Exercise description »
Print the listing below exactly, minus its pictures.

Source material »
::::
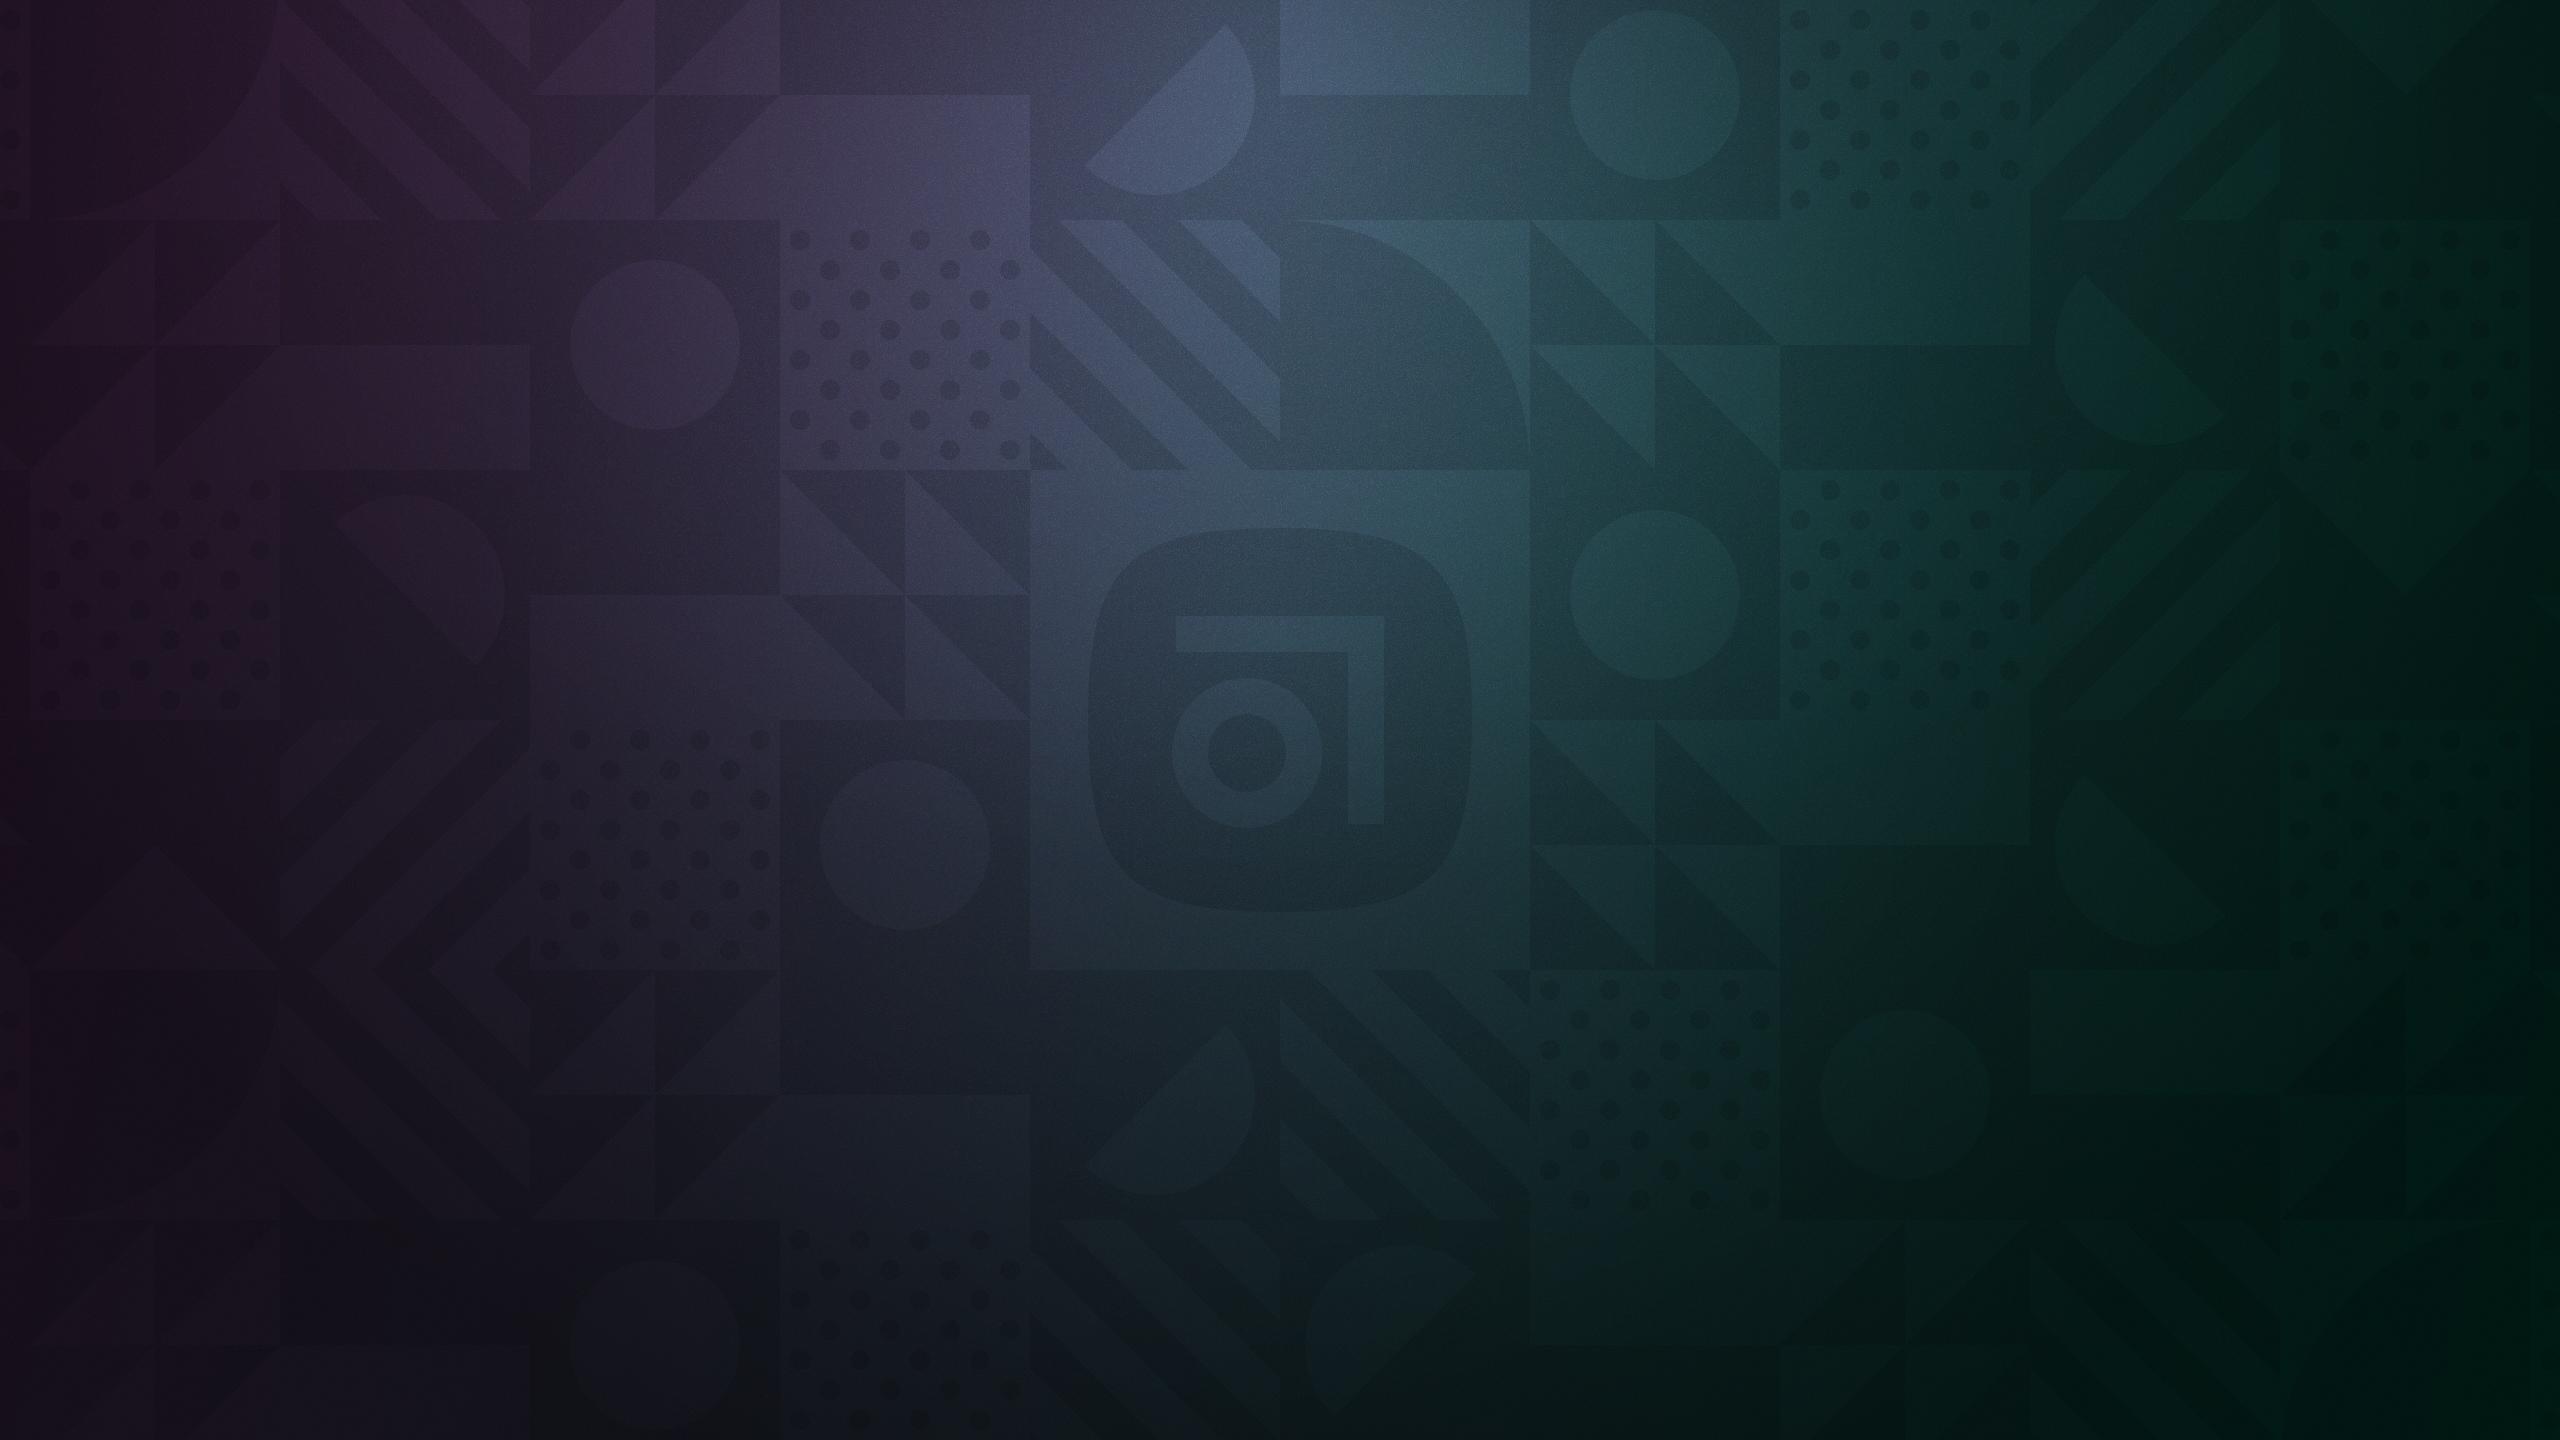 Wallpaper 2560x1440
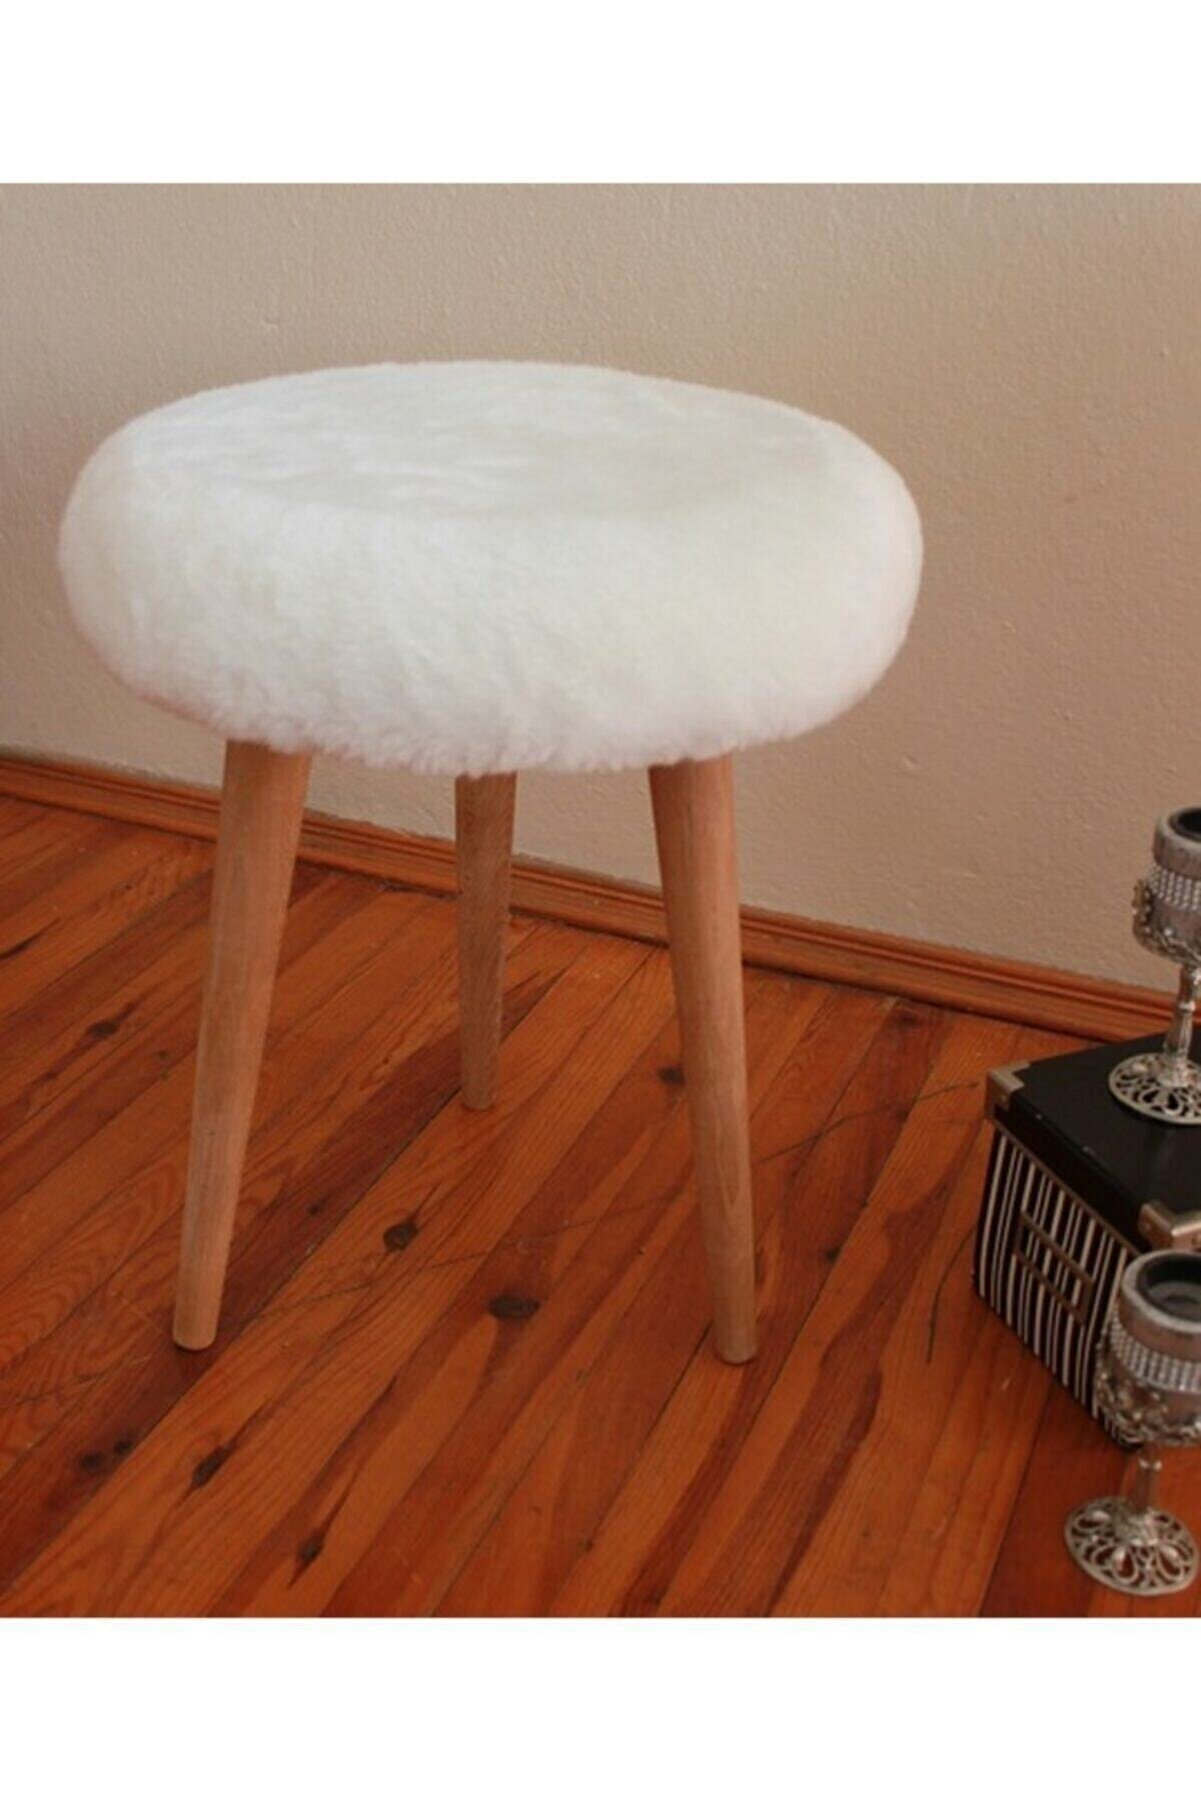 Neta Trade Neta Home Gürgen Ahşap Retro Ayak Dekoratif Beyaz Peluş Puf Tabure Bench Koltuk Sandalye
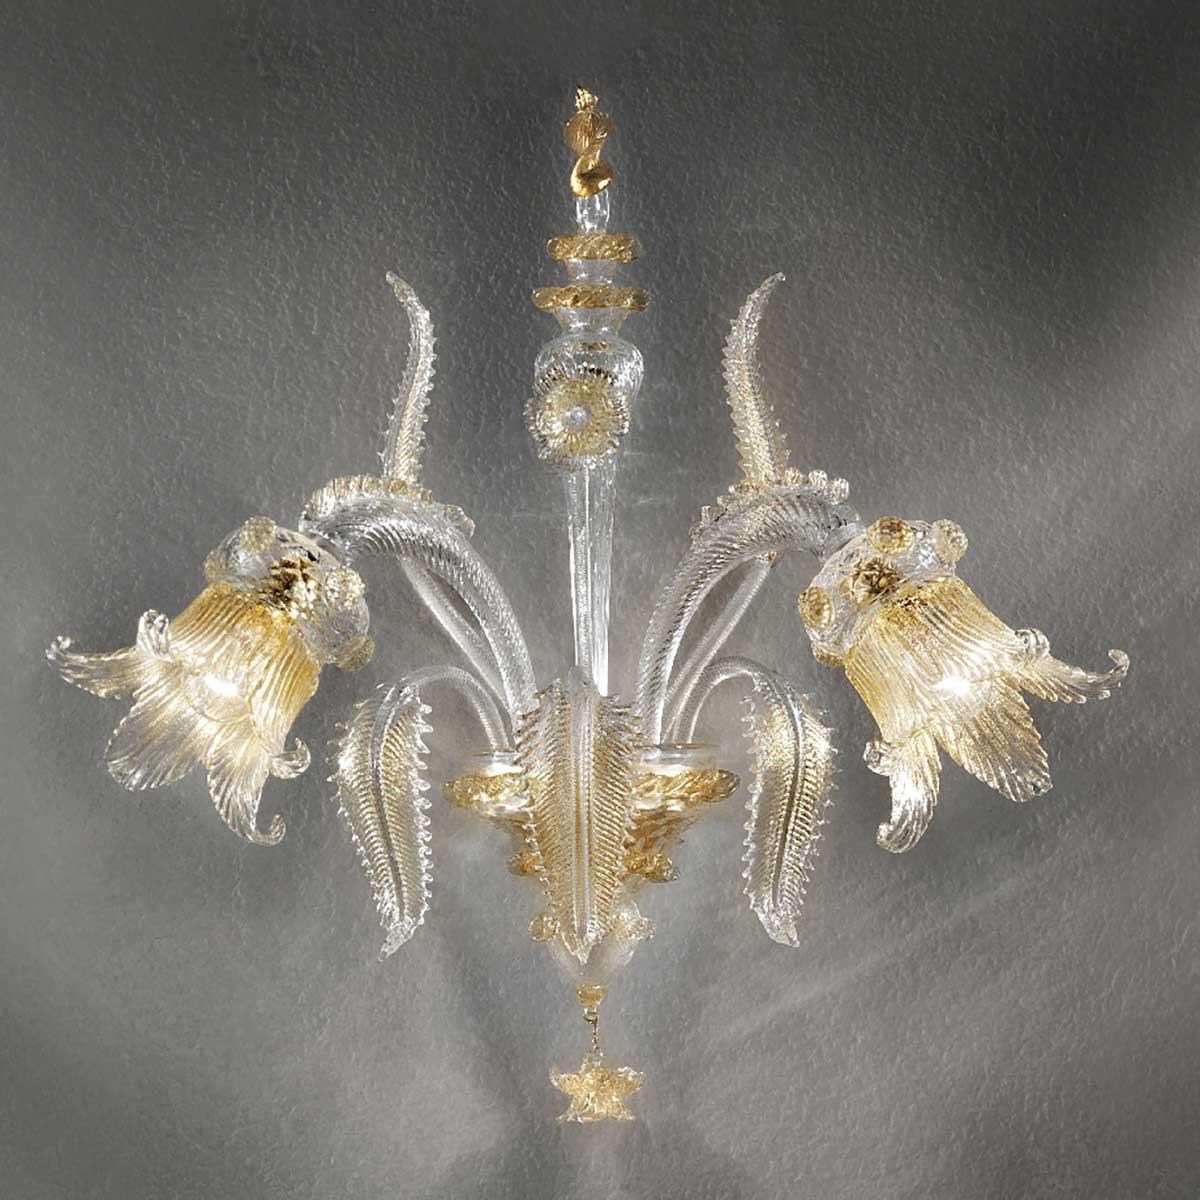 Fenice 2 flammig aus Murano glas wandleuchte - transparente Gold farbe
::::
Exercise result »
 Wallpaper 2560x1440
 Neta Trade Neta Home Gürgen Ahşap Retro Ayak Dekoratif Beyaz Peluş Puf Tabure Bench Koltuk Sandalye
 Fenice 2 flammig aus Murano glas wandleuchte - transparente Gold farbe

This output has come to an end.